- [Your goal]:
For the records below, say how many lines contain the string "with". Give the number only.

- [Records shown]:
###

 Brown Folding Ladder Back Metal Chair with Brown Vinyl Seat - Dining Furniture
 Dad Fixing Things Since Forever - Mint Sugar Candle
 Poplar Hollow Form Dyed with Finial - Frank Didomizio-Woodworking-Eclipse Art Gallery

###

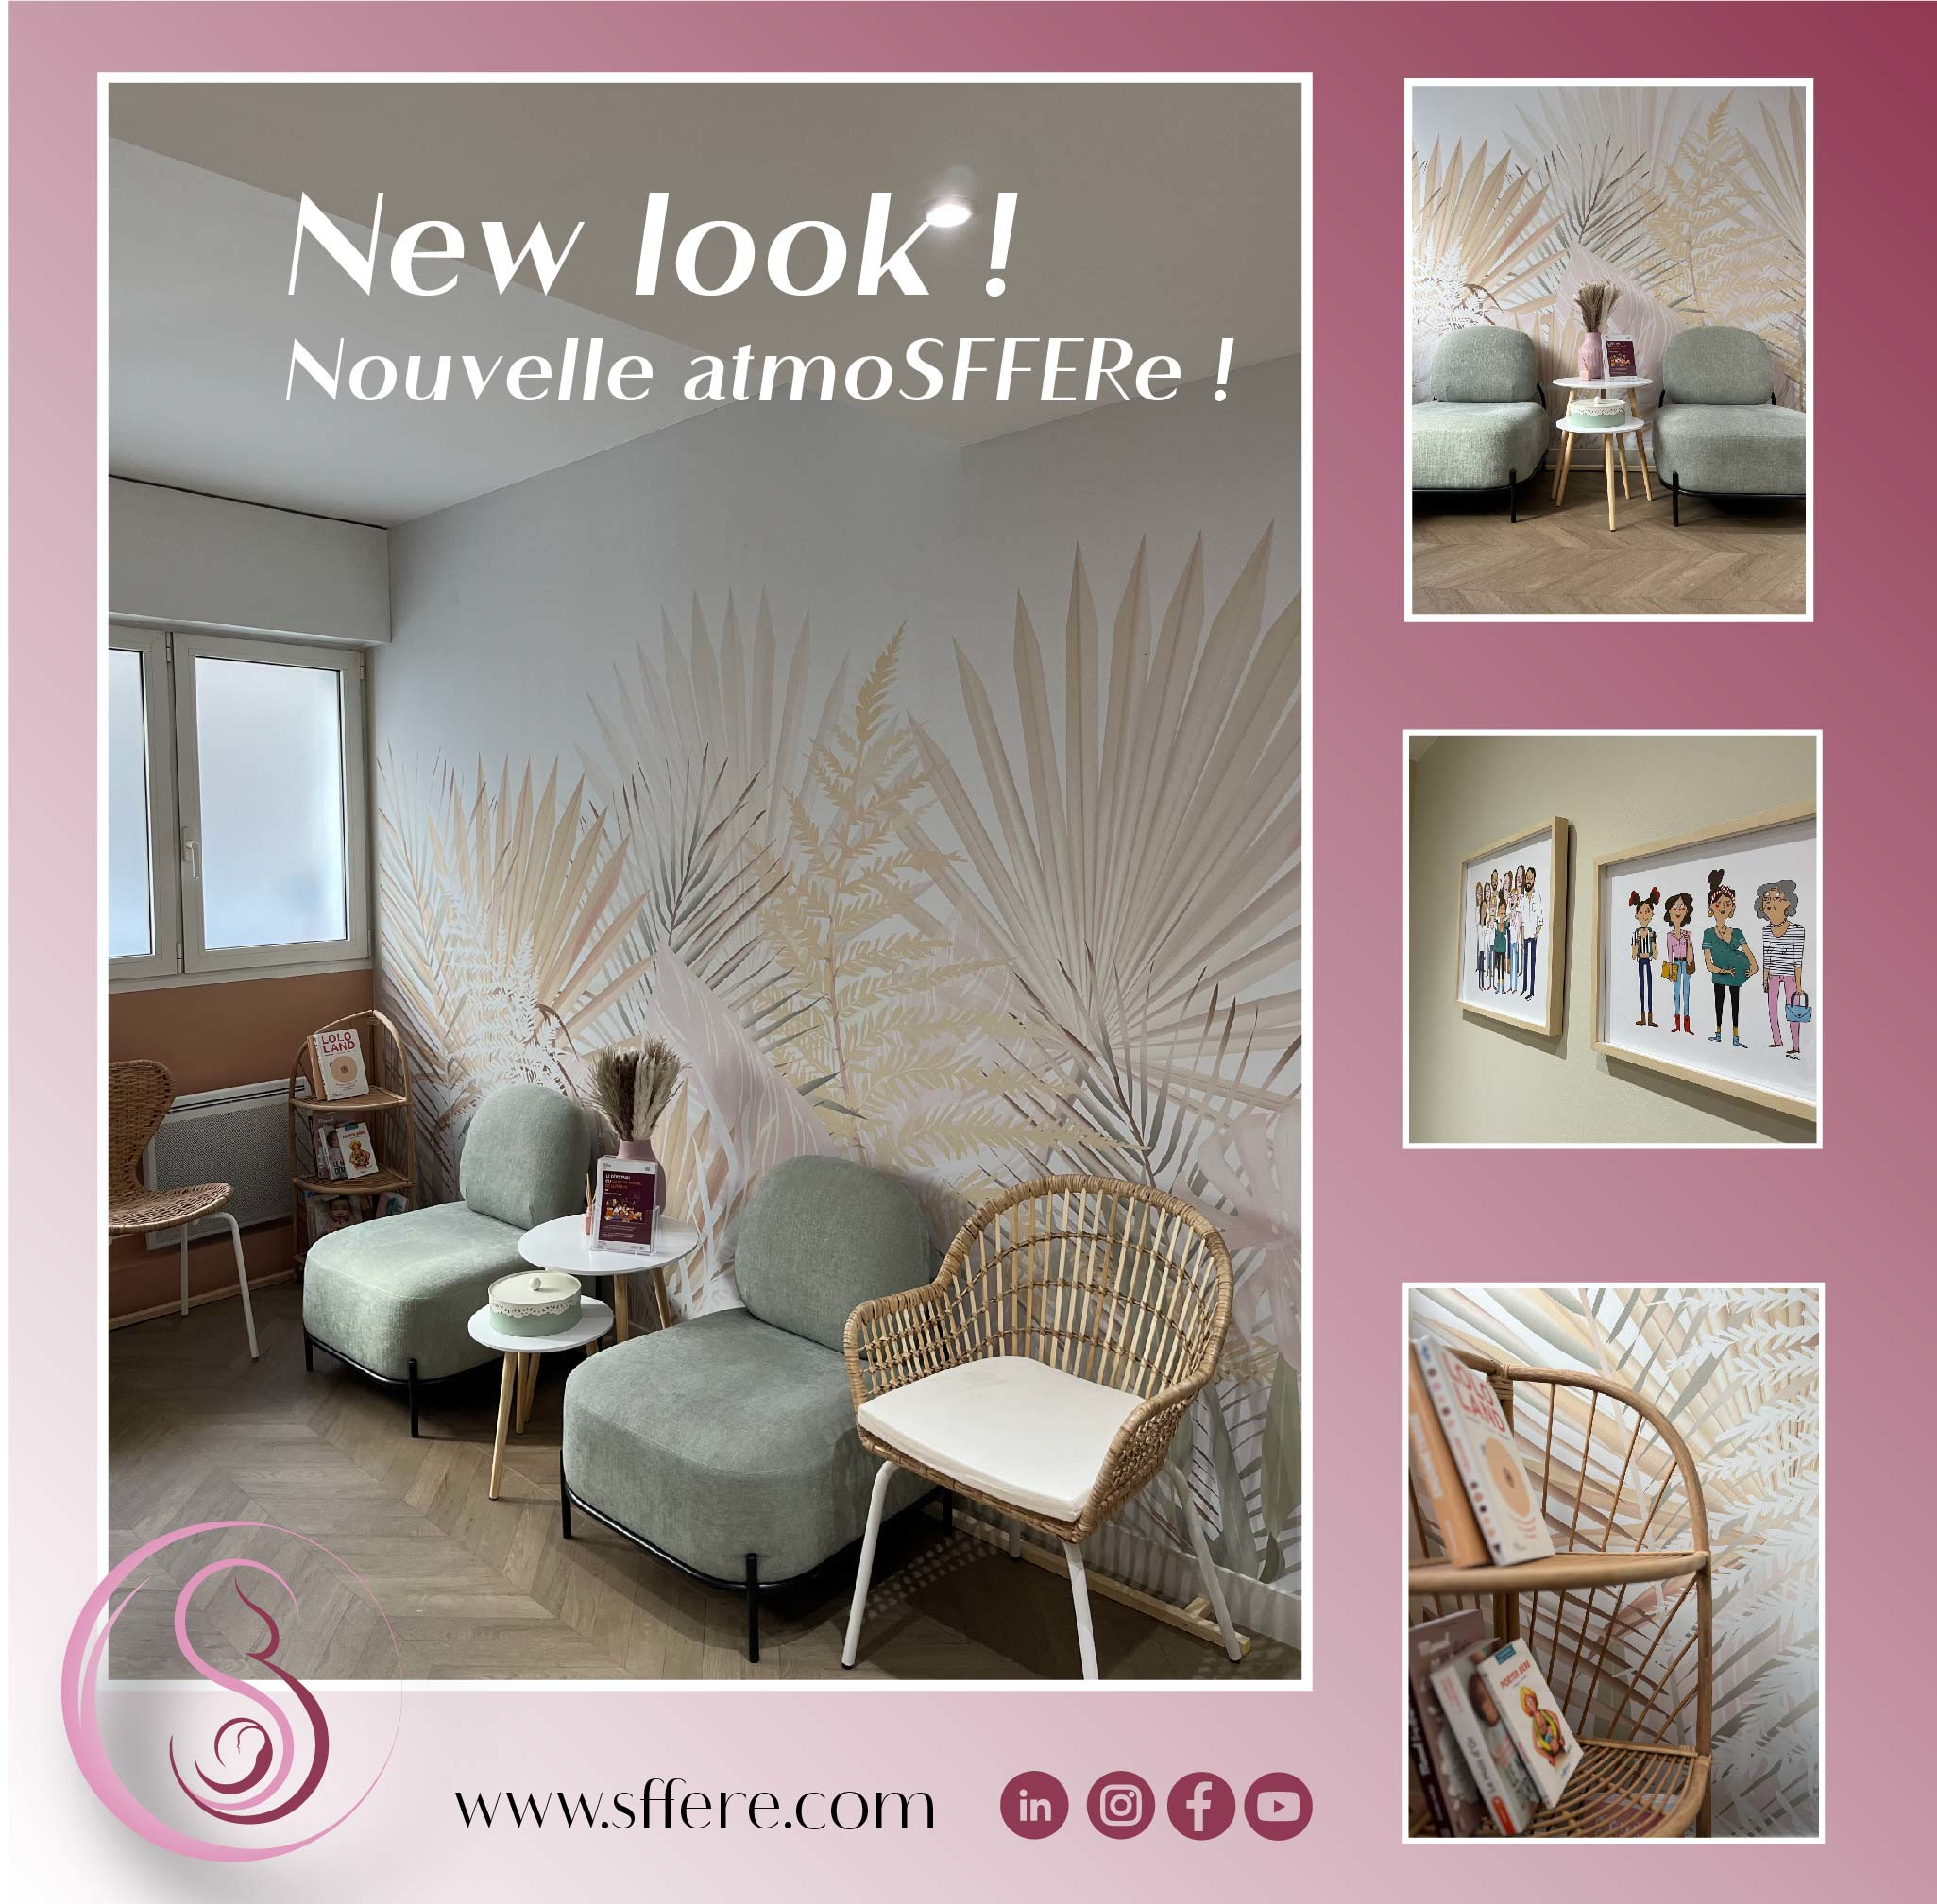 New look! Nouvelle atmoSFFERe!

###

- [Task output]:
2